SharePoint Connector for Confluence – so what does it all mean?

By now, you’ve probably seen the announcement that Microsoft and Atlassian made yesterday morning about the SharePoint Connector for Confluence. So why is this important from a wiki adoption and use perspective? It frees organizations from the “One size fits all” mentality and enables them to let people choose the best tool for their work – with the knowledge that no matter what they choose the tools will work together.

One of the recurring issues in discussions about enterprise 2.0 has to do with the relationship between new tools like wikis, and more traditional enterprise software. Should the new tools fully replace the existing ones? Can they? And even if they can, will organizations shed their investments in those existing tools and make a wholesale move to the new ones? I don’t think it’s a “one or the other” choice, and organizations that have invested in tools like SharePoint aren’t likely to just write off that investment.
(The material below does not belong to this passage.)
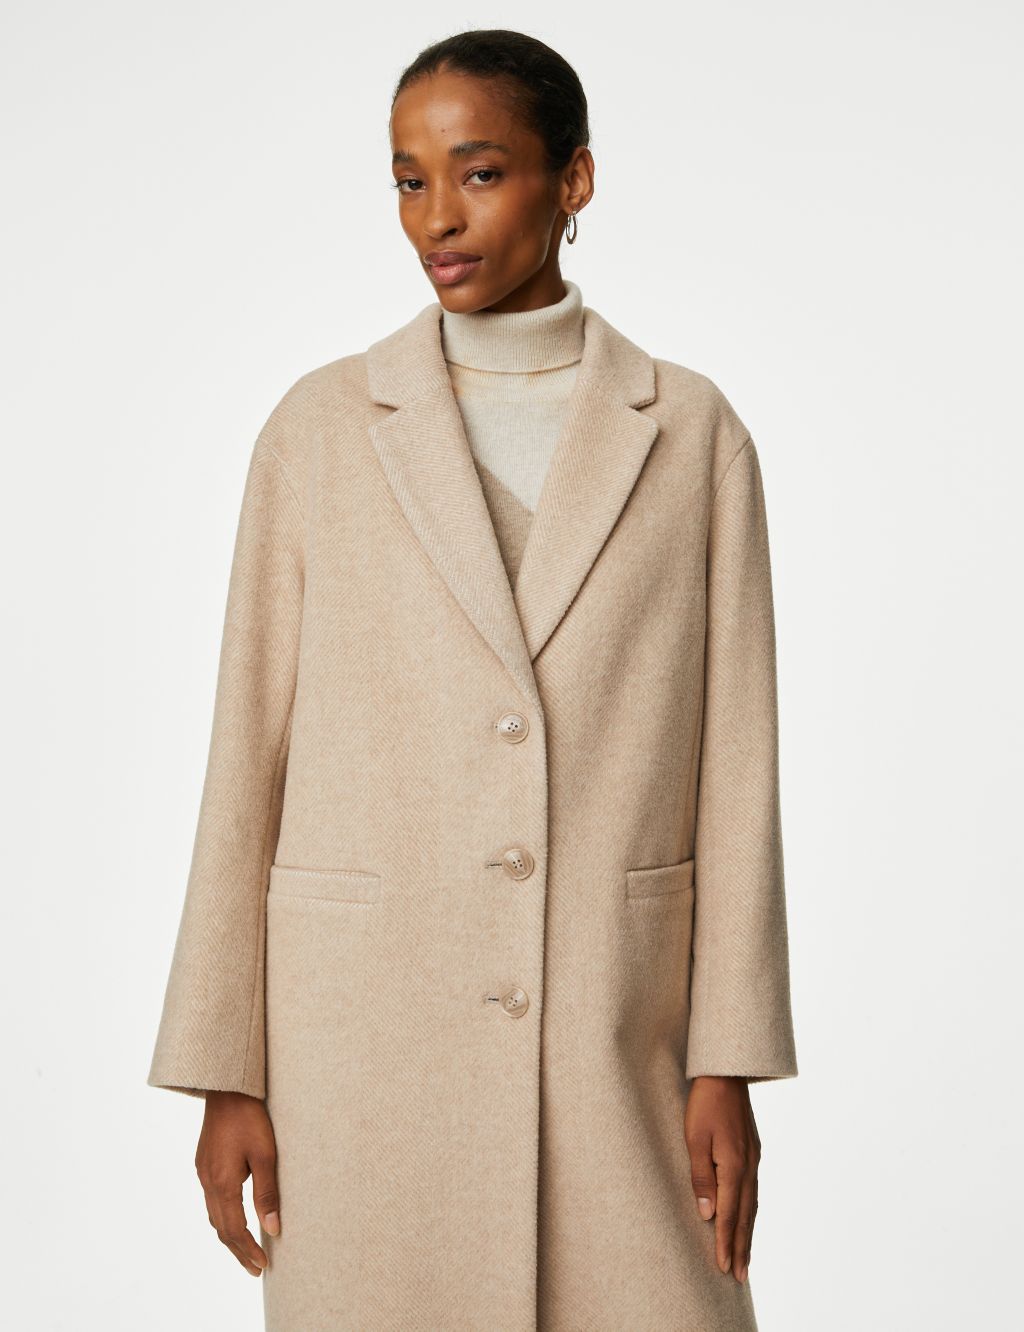 Wool Blend Herringbone Tailored Coat image 3
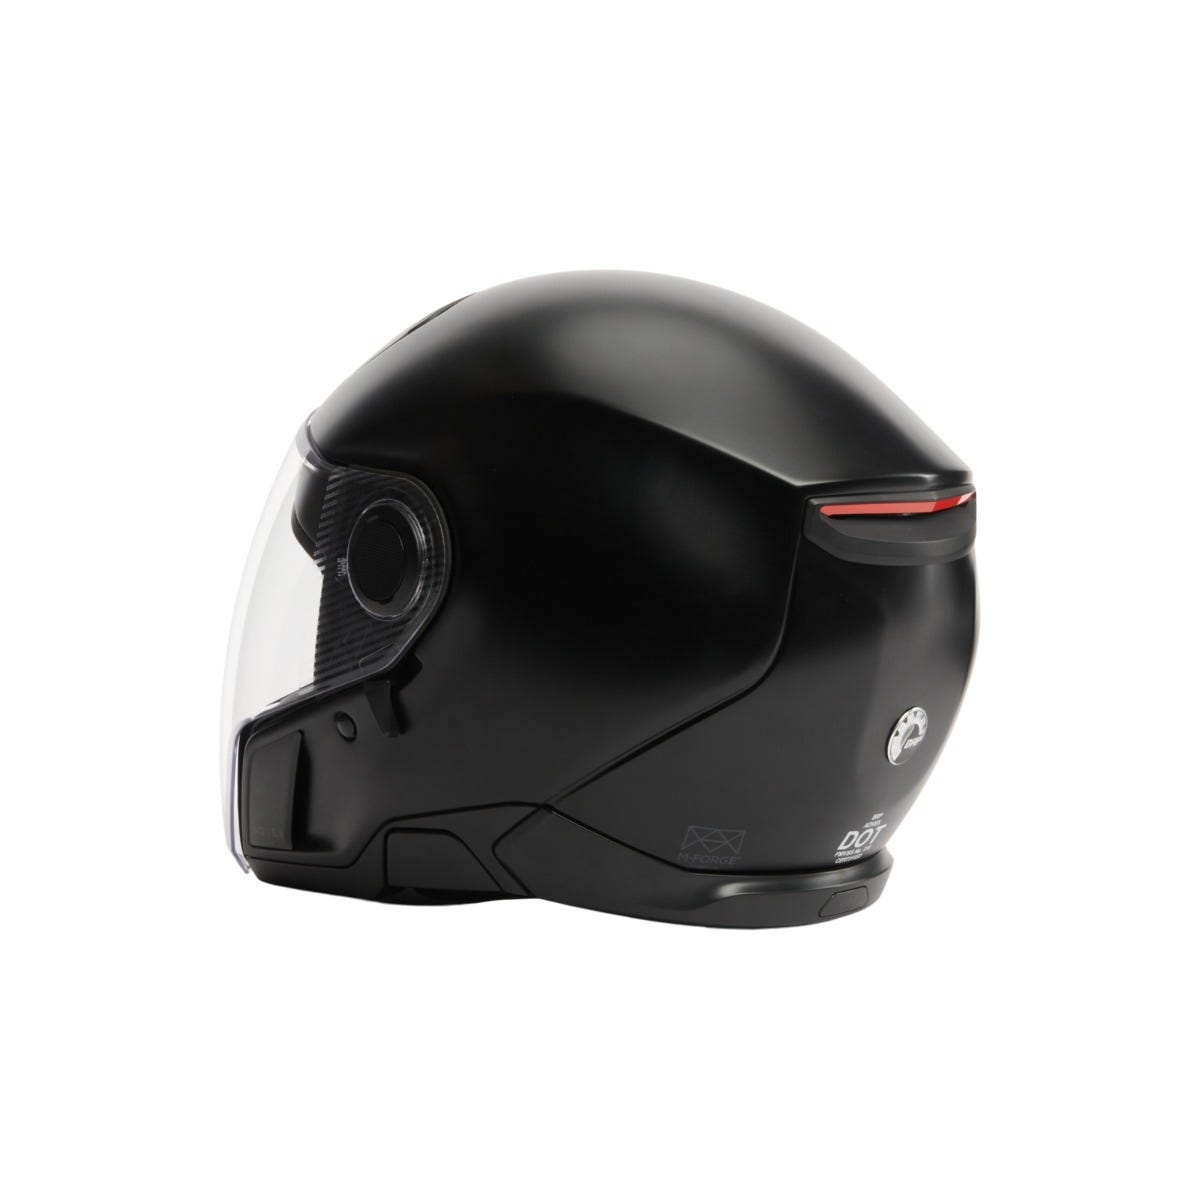 Advex Jet Helmet

So there has to be a “third way” that involves making the tools work together, and the SharePoint Connector is a good example of that. When tools like SharePoint and Confluence can work together, it helps organizations that already have SharePoint feel more confident responding to demand for a wiki like Confluence, knowing the two can work side-by-side. As Zoli said: “just removing the “we’re a SharePoint-shop” political obstacle in some major enterprise clients is worth it alone.” People can use the tool that’s best for their work, (Colin Toal left a good comment on Mike’s blog about this: “You deliver a tonne of value that is beyond simply locking out other products and the integration is slick.”) and not end up with problems like redundant, separately evolving sets of information housed in disconnected places.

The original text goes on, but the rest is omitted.